Start of RECORD SET

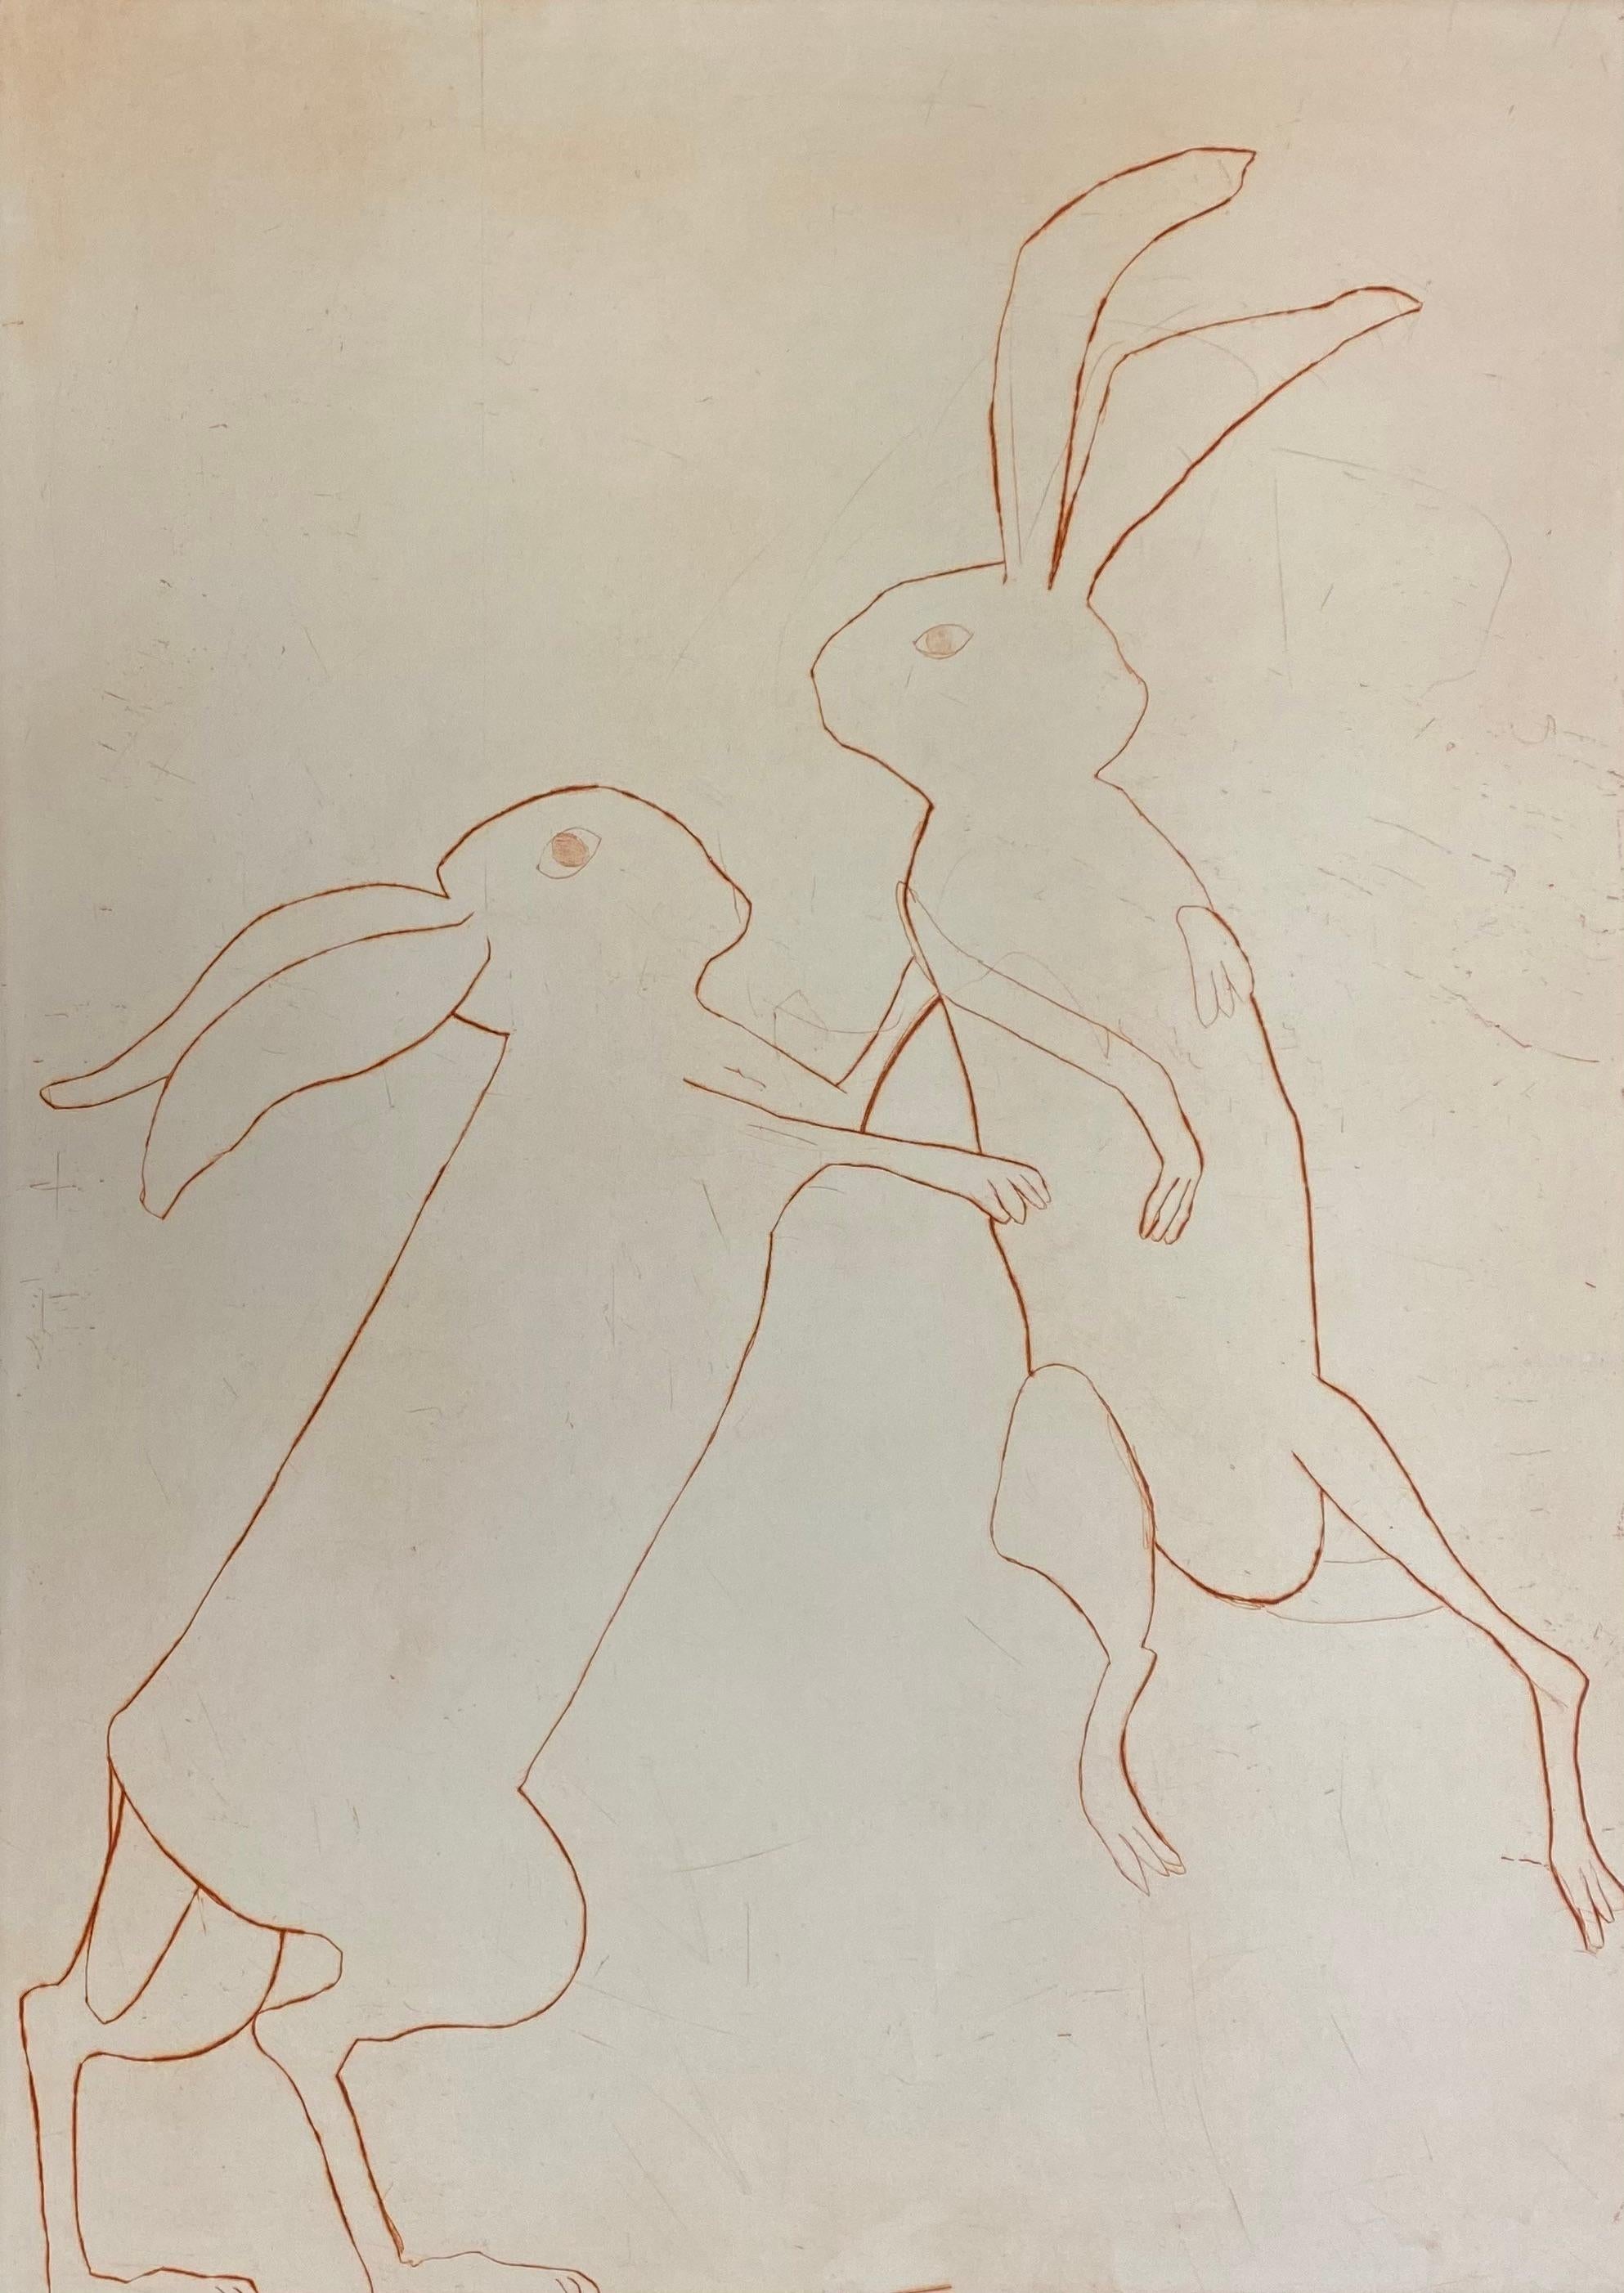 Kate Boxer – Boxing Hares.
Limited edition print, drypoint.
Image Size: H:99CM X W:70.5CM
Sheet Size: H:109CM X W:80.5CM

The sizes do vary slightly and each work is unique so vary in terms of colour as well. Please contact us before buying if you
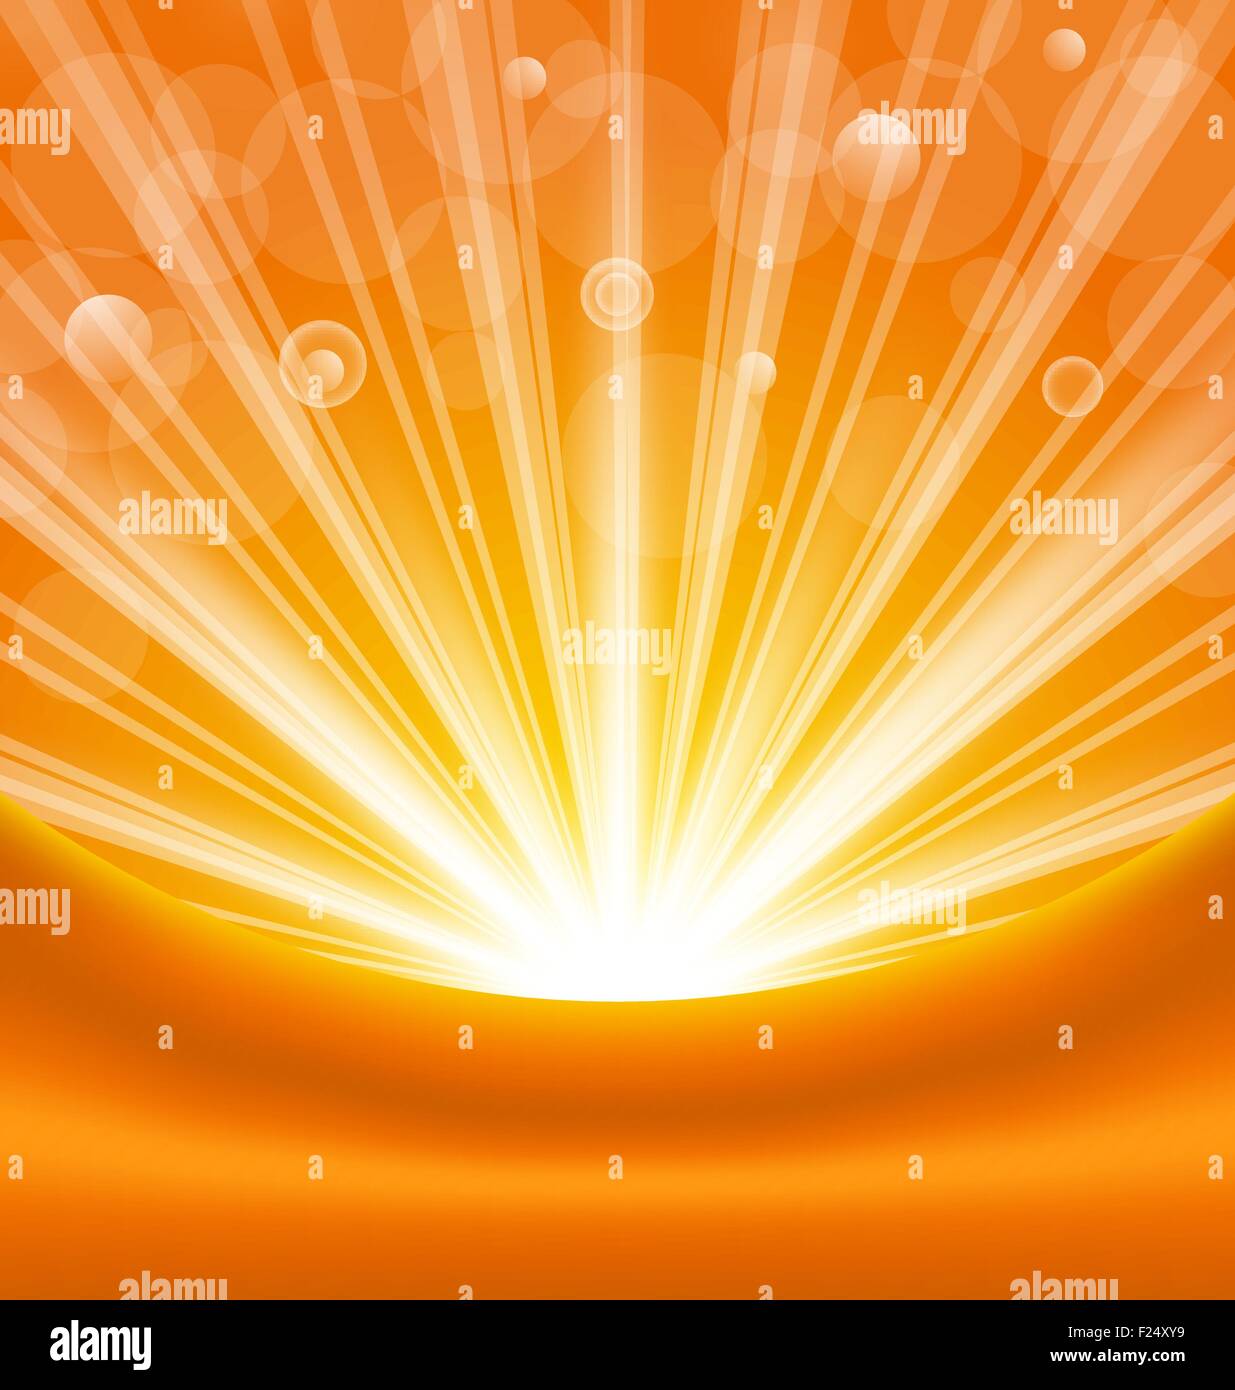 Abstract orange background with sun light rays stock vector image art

End of RECORD SET

* [PROBLEM TO SOLVE]
Once the line with "Sheet Size: H:109CM X W:80.5CM" is found, output it and every line after it through the end of the listing, exactly, without pictures.

* [RESPONSE TO THE TASK]
Sheet Size: H:109CM X W:80.5CM

The sizes do vary slightly and each work is unique so vary in terms of colour as well. Please contact us before buying if you
 Abstract orange background with sun light rays stock vector image art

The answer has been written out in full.